The population of Tillandsia carlos-hankii studied is located in a temperate pine-oak forest in an area known as Los Leones (coordinates 96°35’ W and 17°11’ N; altitude 2,145 m a. s. l.), in the Municipality of Santa Catarina Ixtepeji, Ixtlán de Juárez District, Oaxaca, Mexico. Mean annual temperature is about 18.3°C and mean annual rainfall is 759.3 mm ( Servicio Meteorológico Nacional, 2011 ). Tree and brush vegetation consists principally of Pinus spp. (Pinaceae) and Quercus spp. (Fagaceae) ( Zacarías-Eslava and Castillo, 2010 ). The epiphytic vegetation includes some Tillandsia L., Pleopeltis Humb. & Bonpl. ex Willd. (Polypodiaceae) and Polypodium L. species ( Victoria, 2009 ).

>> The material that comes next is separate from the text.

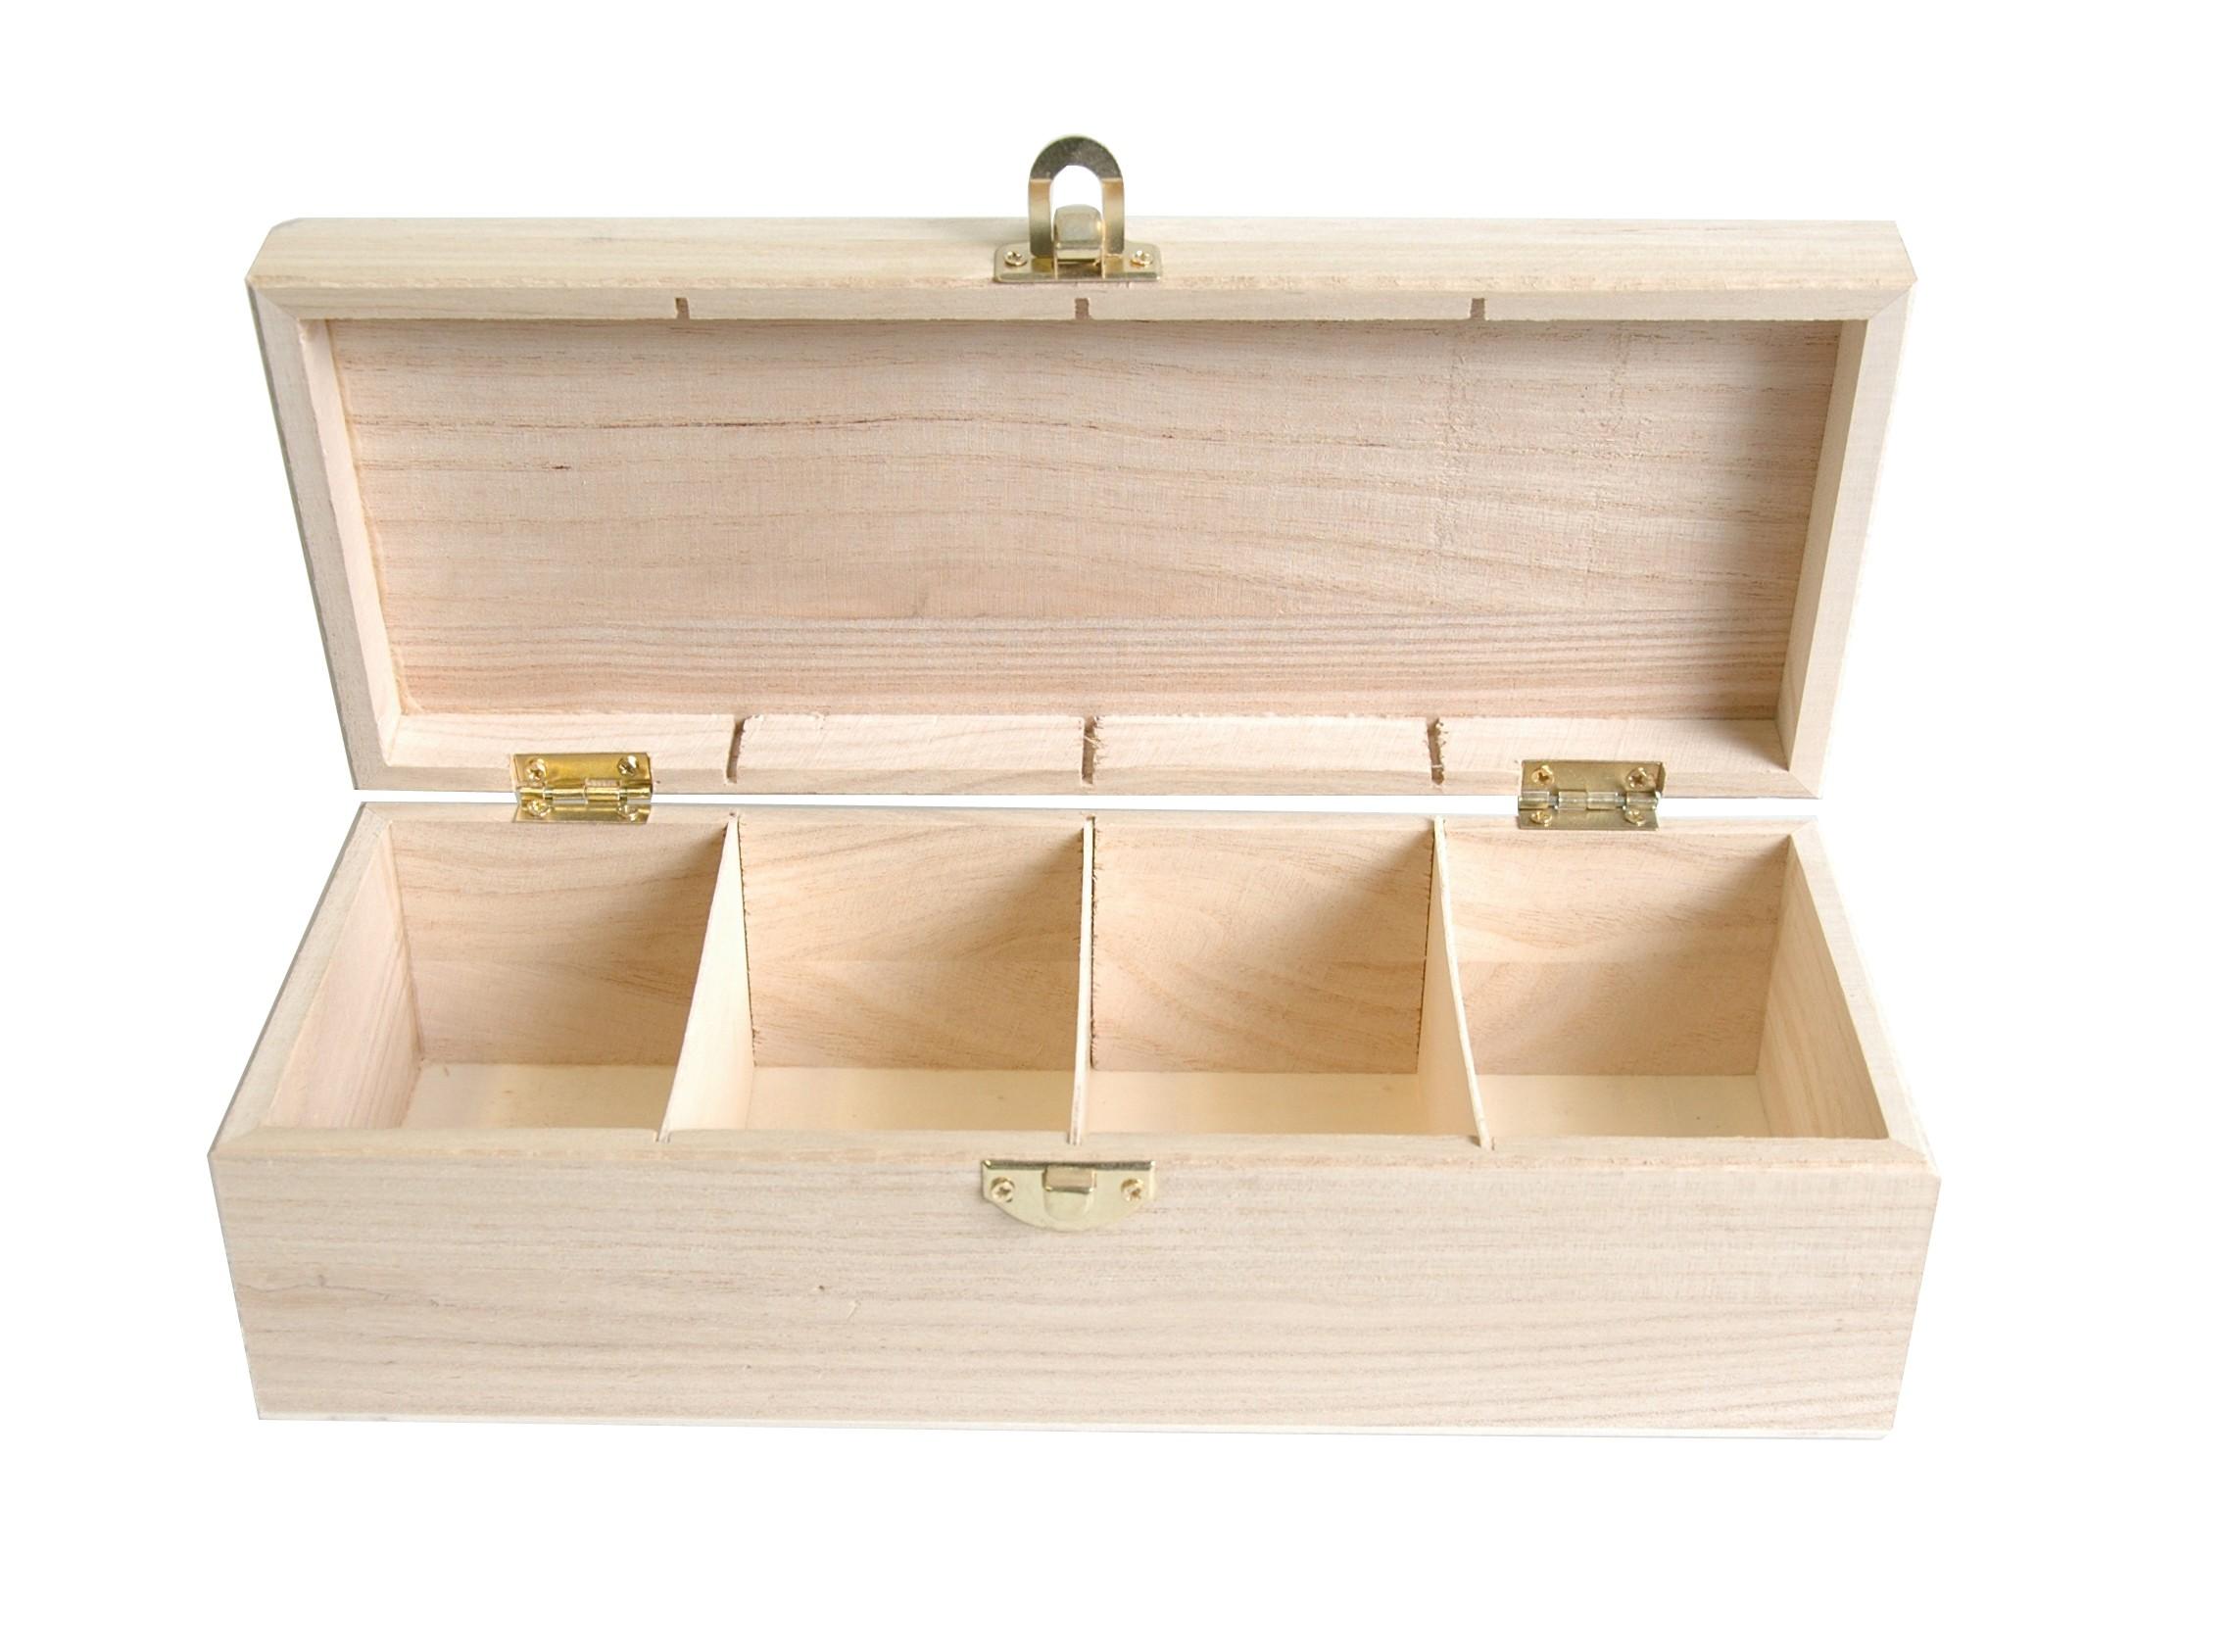 Caja Tipo Maleta De Madera ~ Cajas De Madera Con Tapa De Cristal

Tillandsia carlos-hankii, an epiphytic tank bromeliad, is endemic to the state of Oaxaca and grows in pine-oak forests at elevations between 1,900 and 2,900 m a.s.l. This species has a floral axis that measures between 57 and 70 cm. The scape is robust and its bracts are imbricated, with the lower part green and the upper third red. The inflorescence is cylindrical, with bracts of different sizes that vary from the base (wider) to the tip, and with spikes that are short and stipitate. The floral bracts are triangular, measuring 2.5 × 1.2 cm, and are densely lepidoted. The flowers on the spikes have lanceolate sepals and tubular petals that are of a pale green color and are from 5.2 to 5.7 cm long; the fruits are capsules with plumose seed appendages ( Smith and Downs, 1977 ; Espejo-Serna et al., 2004 ). Its flowering season is from January to May. This specie is monocarpic, hermaphrodite and self-compatible. It shows a mixed mating system ( Mondragón and Ramírez-Morillo, 2008 ), and is hummingbird-pollinated ( Fernández-Rios, 2012 )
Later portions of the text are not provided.